1. Verloop van de procedure
De heer C. heeft op 20 december 2023 namens de heer A. bij het Regionaal Tuchtcollege
te Amsterdam tegen mevrouw E. een klacht ingediend. Bij beslissing van 12 februari
2024, onder nummer A2023/6747 heeft de voorzitter van dat College klager(s) kennelijk
niet-ontvankelijk verklaard in de klacht.
Op 21 maart 2024 heeft de heer C., namens appellant, tijdig beroep ingesteld.
2. Ontvankelijkheid van het beroep
2.1 In het beroepschrift van 21 maart 2024 schrijft de heer C. dat de heer A.
in beroep gaat tegen de beslissing van het Regionaal Tuchtcollege. De heer C. merkt
zichzelf aan als gemachtigde. Het Centraal Tuchtcollege heeft de heer A. derhalve
aangemerkt als appellant.
2.2 Volgens artikel 73 leden 1 en 2 Wet op de beroepen in de individuele gezondheidszorg
(Wet BIG) in samenhang gezien met artikel 19 lid 2 van het Tuchtrechtbesluit BIG,
kan een klager zich in beroep laten vertegenwoordigen door een gemachtigde die namens
hem beroep kan instellen. Deze gemachtigde moet, desgevraagd, zijn bevoegdheid aantonen
door het overleggen van een schriftelijke volmacht.
2.3 Op 17 juni 2024 heeft het Centraal Tuchtcollege de heer C. een brief gestuurd
waarin wordt verzocht om een met pen ondertekend exemplaar van het beroepschrift en
het aanvullend beroepschrift op te sturen. Tevens heeft het Centraal Tuchtcollege
de heer C. verzocht een machtigingsformulier op te sturen waaruit blijkt dat de heer
A. de heer C. heeft gemachtigd om namens hem beroep in te stellen en om namens hem
de correspondentie met het Centraal Tuchtcollege te voeren. Op 20 juni 2024 heeft
het Centraal Tuchtcollege een door de heer C. ondertekende versie van de gronden van
beroep ontvangen.
2.4 Bij brief van 24 juni 2024 heeft het Centraal Tuchtcollege de heer C. nogmaals gevraagd een machtigingsformulier op te sturen waaruit blijkt dat de heer A. de heer C. heeft gemachtigd om namens hem beroep in te stellen en om namens hem de correspondentie met het Centraal Tuchtcollege te voeren. In reactie hierop heeft het Centraal Tuchtcollege op 28 juni 2024 een e-mail van de heer C. met drie foto’s van de beslissing van het Regionaal Tuchtcollege van 12 februari 2024 ontvangen.

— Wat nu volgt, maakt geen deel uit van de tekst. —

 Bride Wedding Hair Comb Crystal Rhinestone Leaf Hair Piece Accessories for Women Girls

2.5 Vervolgens heeft het Centraal Tuchtcollege de heer C. een derde keer gevraagd een machtigingsformulier op te sturen. Hierbij heeft het Centraal Tuchtcollege nadrukkelijk aangegeven dat de machtiging noodzakelijk is omdat de heer A. – conform de bewoordingen in het beroepschrift – wordt aangemerkt als degene die in beroep komt. In reactie hierop heeft het Centraal Tuchtcollege van de heer C. een kopie van de brief van 13 december 2023 van de heer A. ontvangen waarin hij de heer C. machtigt de klacht aanhangig te maken bij het Regionaal Tuchtcollege te Amsterdam.
2.6 Het Centraal Tuchtcollege concludeert dat er ondanks meerdere verzoeken
geen machtiging is overgelegd waaruit blijkt dat de heer A. de heer C. heeft gemachtigd
om namens hem beroep in te stellen. De brief van 13 december 2023 is daartoe onvoldoende,
omdat deze expliciet ziet op de procedure bij het Regionaal Tuchtcollege te Amsterdam.

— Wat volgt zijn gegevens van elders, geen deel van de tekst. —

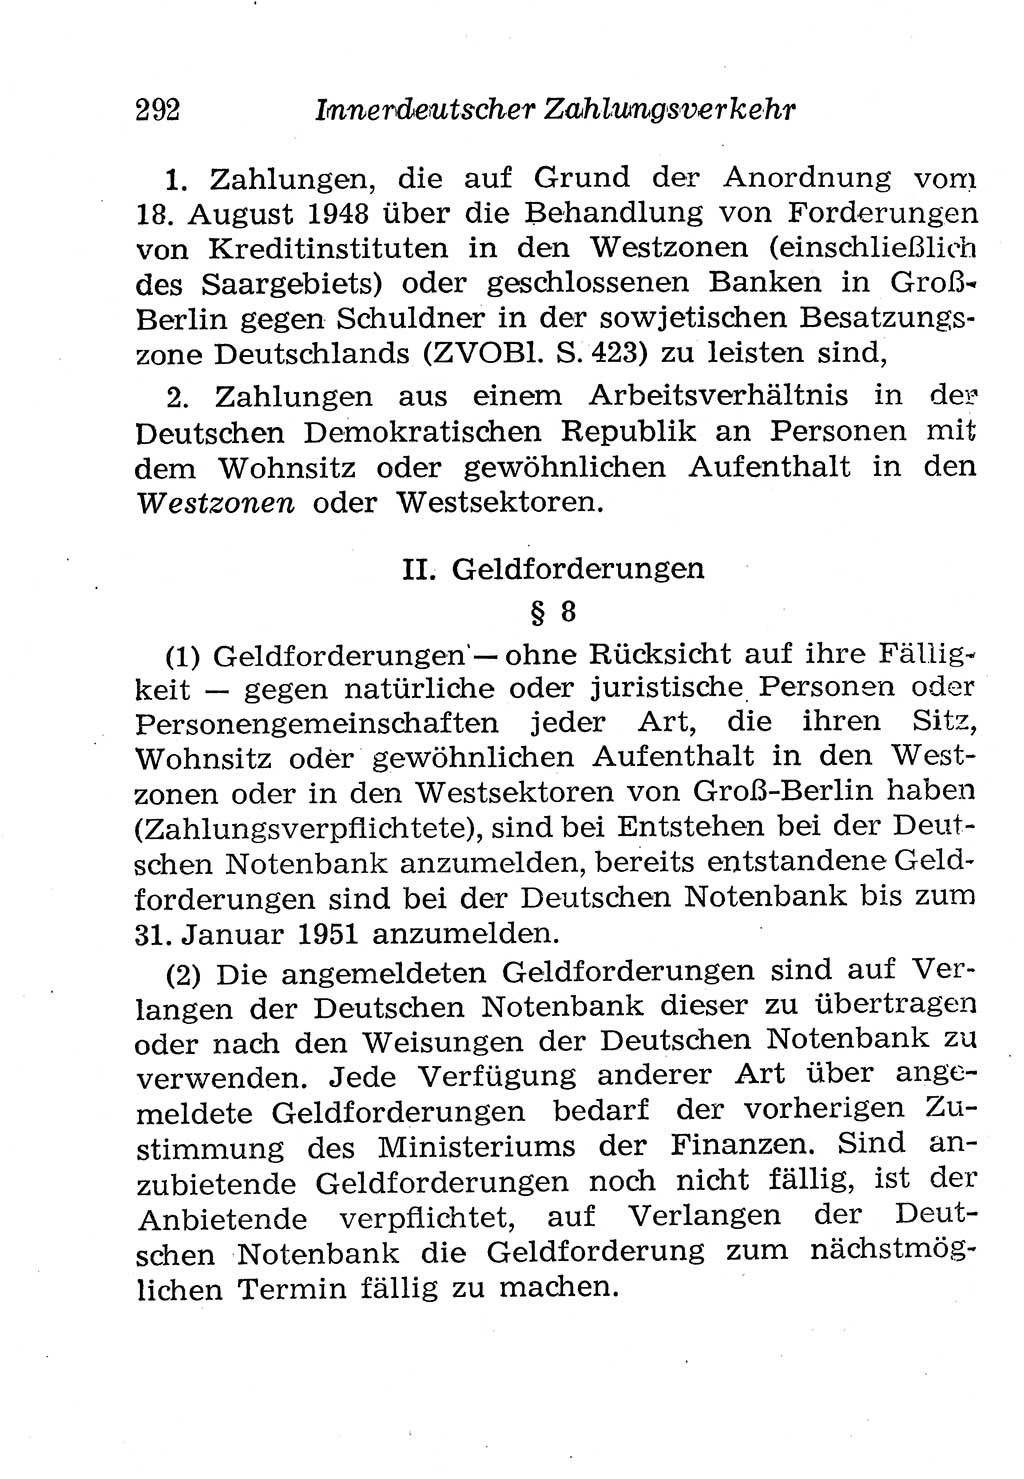 Strafgesetzbuch (StGB) und andere Strafgesetze [Deutsche Demokratische Republik (DDR)] 1958, Seite 292 (StGB Strafges. DDR 1958, S. 292)

Gelet hierop kan niet worden vastgesteld dat de heer A. beroep heeft willen instellen
en is de conclusie dat het beroep alleen al hierom niet‑ontvankelijk verklaard moet
worden.
2.7 Verder overweegt het Centraal Tuchtcollege nog het volgende. Zoals ook
de voorzitter van het Regionaal Tuchtcollege heeft overwogen, staat het vast dat er
geen sprake is van een behandelrelatie tussen appellant en verweerster en dat verweerster
niet bij de zorg aan appellant betrokken was. De voorzitter van het Regionaal Tuchtcollege
heeft dan ook terecht geconcludeerd dat de eerste tuchtnorm niet van toepassing is
op deze klacht. Evenmin kan naar het oordeel van het Centraal Tuchtcollege gesteld
worden dat de verweten gedraging (bediening van de thermosstaat) zijn weerslag heeft
op de individuele gezondheidszorg. Het Centraal Tuchtcollege is daarom met de voorzitter
van het Regionaal Tuchtcollege van oordeel dat ook de tweede tuchtnorm niet van toepassing
is op de verweten gedraging. Ook hierom is appellant niet-ontvankelijk in het beroep.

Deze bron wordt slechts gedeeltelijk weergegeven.